There are many reasons that colleges and universities should consider unbundling their course catalogs: the great resignation, the impending retirement of baby boomers, and the growing skills gap, to name a few. These factors are leaving large gaps in the job market and causing employers to increasingly seek new, skilled workers. In response, many employees are pursuing flexible education experiences that will give them the skills to succeed in those open roles. For higher education institutions, this presents an opportunity to address a decade-long enrollment decline that shows little sign of abating; they can offer education options for a new type of learner: the jobseeker.
One institution, Southeastern University, is finding ways to support this new student, the jobseeker, by unbundling its course catalog, making education more accessible to a wider net of learners. Jenzabar’s Mark Gradolf sat down with Neal Dyer, Chief Technology Officer at Southeastern University, to discuss this innovative endeavor.
What Does It Mean to Unbundle Education?
Unbundling education means liberating classes from traditional degree programs and offering them a la carte to learners (either enrolled or unenrolled), thereby allowing individuals to chart their own educational path.
For universities, unbundling their course catalog and offering a la carte classes allows them to draw new learners to campus and meet both national and local community needs. Students now have access to flexible, affordable education. They’re further empowered to take charge of their educational journeys, skill up as required by their careers, and become lifelong learners and earners.
Realizing and Meeting a Need in the Marketplace
Southeastern University started its unbundling journey a decade ago. As a Christian institution, Southeastern had begun partnering with local churches and offering their interns the opportunity to earn college credit. As these partnerships evolved, Southeastern discovered that, while community needs varied based on the location of the church, there was a universal need for certificate programs. So, the university began to offer them.

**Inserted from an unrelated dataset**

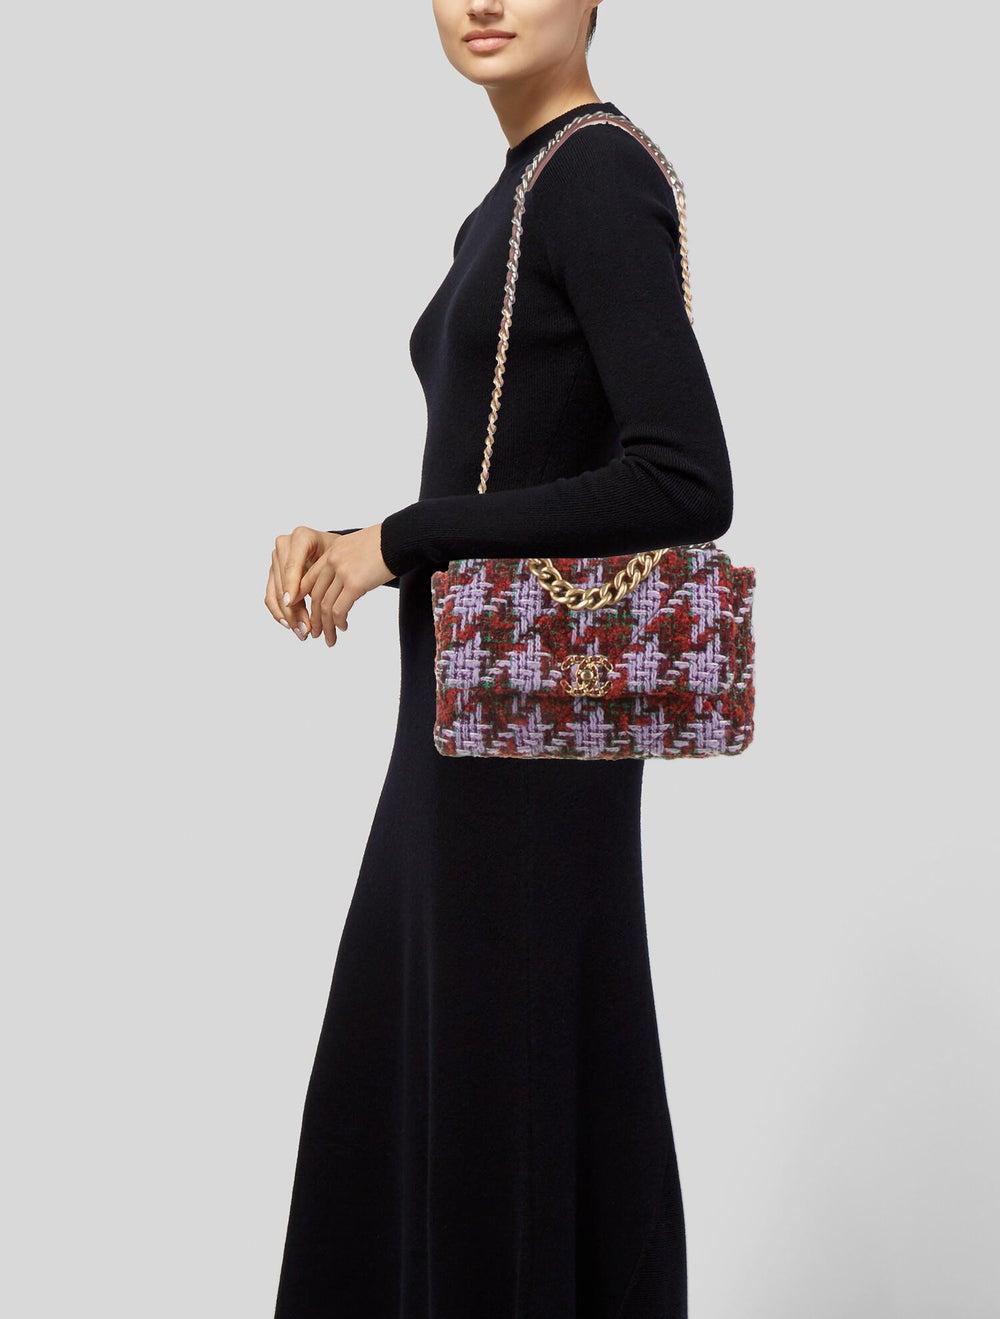 Chanel 2020 Large Tweed 19 Flap Bag Green - image 2

In recent years, the demand for skills-based learning has grown. Southeastern has noted this growth and expanded its offerings to include technology bootcamps and a racial reconciliation studies certificate.
The Role Technology Plays in Unbundling Courses
In higher education, enrollments are trending downward, and, in the business world, skills-based hiring is on the rise. Unbundling course catalogs and offering off-base courses and certificate programs seems like an obvious way to provide opportunities for skills-based learning and entice students to campus. So why aren’t all institutions on board? For one thing, the process can be complicated if institutions don’t have the right mindset in place. Unbundling courses requires higher education institutions to relinquish control of academic programming and allow students to dictate their own course of study.
Another consideration is technology: Unbundling a course catalog also requires implementing technology that would allow institutions to offer these courses in a more flexible, modern way. Many legacy student information systems don’t allow for dynamic course offerings and make it difficult for unenrolled learners to sign up for classes.
The good news is that, as demand for these types of courses grows, technology is keeping pace. Colleges and universities can leverage modern tools that make it easy for students to enroll in and pay for unbundled courses.